# Summer of Code - Artificial Intelligence

## Week 10: Deep Learning

### Day 03: Text Generation

In this notebook, we will explore text generation, a **Sequence to Sequence** task, using RNNs with GRUs layers.


# Shakespeare's Works

In [1]:
from urllib.request import urlretrieve

shakespeare_url = "https://raw.githubusercontent.com/karpathy/char-rnn/master/data/tinyshakespeare/input.txt"
print("Downloading Shakespeare's works...")

urlretrieve(shakespeare_url, "shakespeare.txt")
print("Download complete!")

Downloading Shakespeare's works...
Download complete!


In [2]:
# Load the text file
with open("shakespeare.txt", "r", encoding="utf-8") as f:
    shakespeare_text = f.read()

In [3]:
len(shakespeare_text)

1115394

## Vocabulary Creation

For a character-level language model like this, our vocabulary consists of all unique characters present in the text. This includes letters, punctuation marks, spaces, and special characters.

In [4]:
text = "Hello world!"
text_tokens = sorted(set(text.lower()))
text_tokens

[' ', '!', 'd', 'e', 'h', 'l', 'o', 'r', 'w']

In [5]:
text_to_id = {ch: i for i, ch in enumerate(text_tokens)}
text_to_id['l']

5

In [6]:
id_to_text = {i: ch for ch, i in text_to_id.items()}
id_to_text[3]

'e'

In [7]:
chars = sorted(list(set(shakespeare_text.lower())))
n_tokens = len(chars)

print(f"Number of unique characters: {n_tokens}")

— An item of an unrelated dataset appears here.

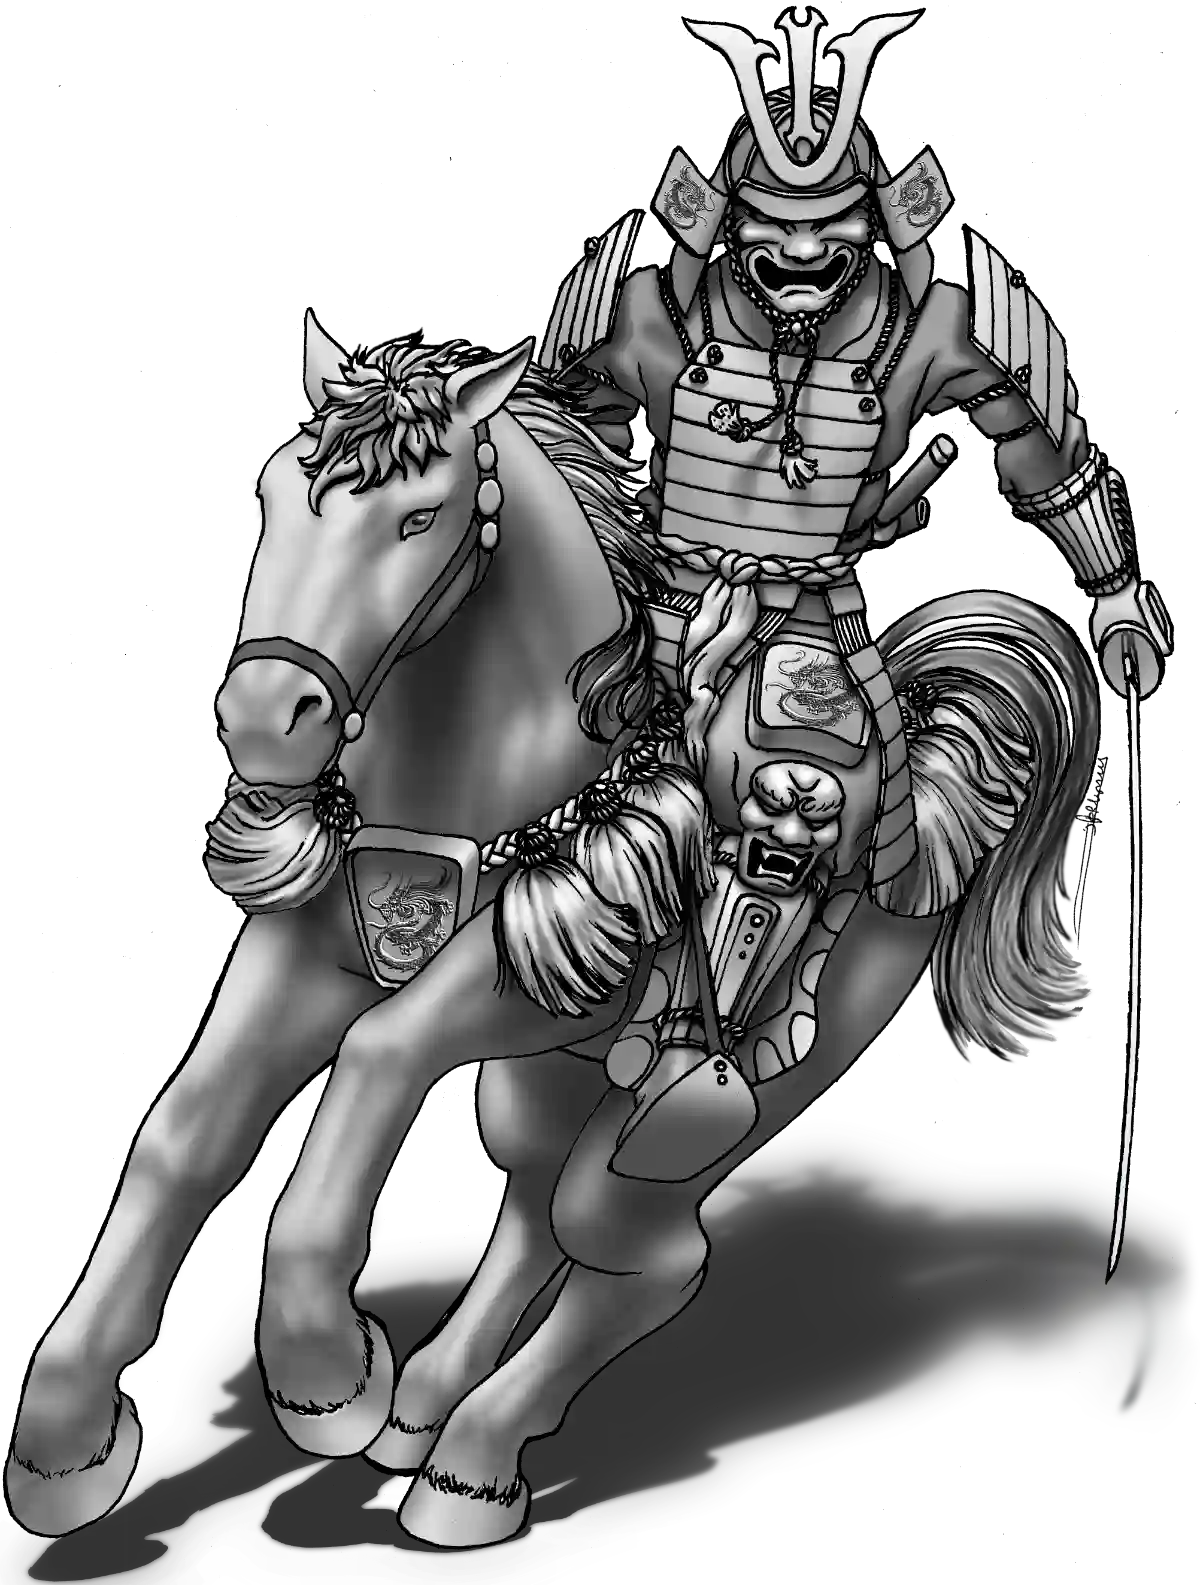 A samurai on horseback, charging.
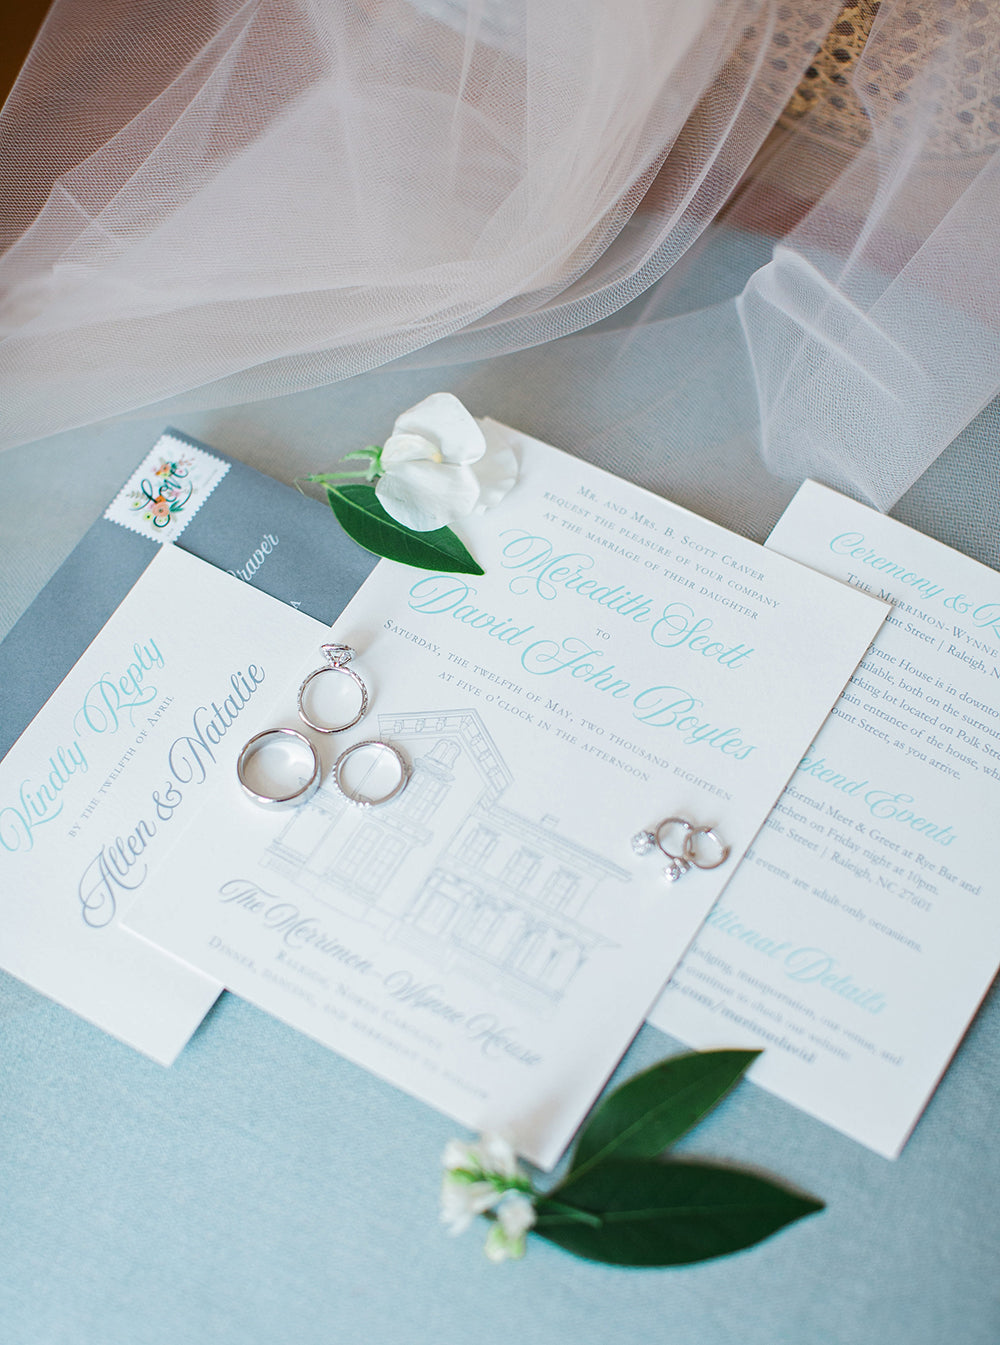 Merrimon-Wynne Wedding Invitation by Scotti Cline Designs | photo by Alaina Ronquillo

Number of unique characters: 39


In [8]:
# Create character-to-index and index-to-character mappings
char_to_idx = {char: idx for idx, char in enumerate(chars)}
idx_to_char = {idx: char for char, idx in char_to_idx.items()}

## Encoding Sequences
We will convert the entire text into a sequence of character IDs.

In [9]:
encoded = [char_to_idx[char] for char in shakespeare_text.lower()]
print(shakespeare_text.lower()[:10])
encoded[:10]

first citi


[18, 21, 30, 31, 32, 1, 15, 21, 32, 21]

# Text Generation Dataset

To train our model, we need to create input-target pairs.
- The input is a sequence of characters.
- The output is also a sequence of characters, but shifted one position to the right of the input position.

**For example:**\
Text: "Shakespeare"\
Sequence Length (Context Window): 5

Input: "Shake"\
Target: "haksp"


In [10]:
import torch
from torch.utils.data import Dataset


class CharDataset(Dataset):
    def __init__(self, encoded_text, window_length):
        self.encoded_text = encoded_text
        self.window_length = window_length

        # Create all possible windows
        self.windows = []
        for i in range(len(encoded_text) - window_length):
            window = encoded_text[i : i + window_length + 1]  # +1 for target
            self.windows.append(window)

    def __len__(self):
        return len(self.windows)

    def __getitem__(self, idx):
        window = self.windows[idx]
        # Input: all characters except the last
        # Target: all characters except the first (shifted by 1)
        input_seq = window[:-1]
        target_seq = window[1:]

        return input_seq, target_seq

In [11]:
encoded[:10]

[18, 21, 30, 31, 32, 1, 15, 21, 32, 21]

In [12]:
dummy_dataset = CharDataset(encoded, window_length=3)
dummy_dataset.windows[:5]

[[18, 21, 30, 31],
 [21, 30, 31, 32],
 [30, 31, 32, 1],
 [31, 32, 1, 15],
 [32, 1, 15, 21]]

In [13]:
dummy_dataset[0]

([18, 21, 30], [21, 30, 31])

## Data Splitting

In [14]:
# Set window length
window_length = 200
train_size = 1_000_000
valid_size = 60_000

encoded_tensor = torch.tensor(encoded, dtype=torch.long)
train_encoded = encoded_tensor[:train_size]
valid_encoded = encoded_tensor[train_size : train_size + valid_size]
test_encoded = encoded_tensor[train_size + valid_size :]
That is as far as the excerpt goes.